Il alla ensuite au musée Lécuyer voir la collection des pastels de De La Tour, éclairés à l'électricité pour la circonstance. Il signa sur le registre des visiteurs et ne fit aucune réflexion.

Restait la troisième station, la Basilique et qui lui tenait le plus au cœur, car il est profondément catholique. Ordre avait été donné d'ouvrir le grand portail et de tout illuminer. Le vieux roi entra tout de go, sans manifestations extérieures, génuflexion, signe de croix ou simple inclinaison du chef. Le R. P. franciscain, professeur-docteur Raymond Dreiling, un moine superbe et hardi, s'offrit à le guider. On fit le tour par les bas-côtés et l'on descendit dans le caveau où est le tombeau de saint Quentin. Devant l'autel du Sacré-Cœur, au premier transept , Louis III s 'agenouilla à la table de communion et resta longtemps à prier, très dévotement. Le ,franciscain était à genoux sur les dalles et les officiers de la suite, l'air officiellement recueilli, les mains sur la garde du sabre, formait un vaste demi-cercle. Le roi se releva péniblement : il est épais, âgé et traîne la jambe des suites, a dit son médecin, d'une balle prussienne restée dans son auguste fesse depuis Sadowa. Sa figure a une expression bonne et spirituelle. Le grand manteau à revers écarlates et le casque lui vont mal. Par la pensée, on l'habille et le coiffe en redingote et haut-de-forme comme un bon vieux médecin. L'orgue, qui avait murmuré pendant la prière du roi, lui jeta à la face un chant de triomphe assourdissant quand il sortit par le portail grand ouvert et devant lequel attendait la file des autos.

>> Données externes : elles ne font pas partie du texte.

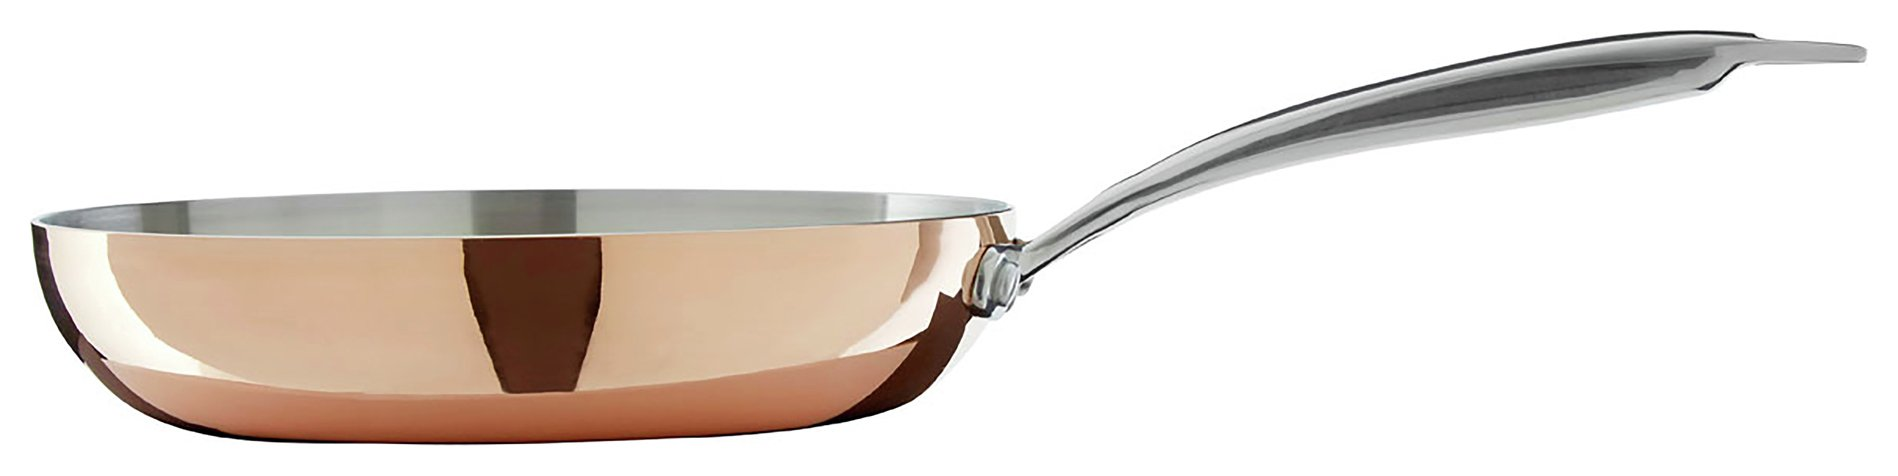 Image of Minerva Copper Finish 24cm Frying Pan.

Au dîner, à l'état-major, il porta un toaste à l'empereur : « La meilleure manière de le guérir (Guillaume II sortait d'un anthrax), ce serait , dit-il, de lui offrir encore quelques villes françaises. Paris, ce serait la guérison complète... »

Pauvre vieux !

LE BRASSARD ROUGE.

L'autorité allemande fait paraître l'affiche attendue – car on en parlait beaucoup – enjoignant à tout français, de 18 à 48 ans, de porter un brassard rouge à partir du 20 janvier.

L'ordre doit être général, car au marché du 15 on voit pour la première fois des hommes d'âge militaire avec le brassard : or, ils sont de la campagne. Ils nous disent qu'à Rouvroy, par exemple, aux portes de Saint-Quentin, les hommes doivent, en plus, au passage des officiers, rectifier la position et soulever leur casquette ; les femmes s'arrêtent et s'inclinent…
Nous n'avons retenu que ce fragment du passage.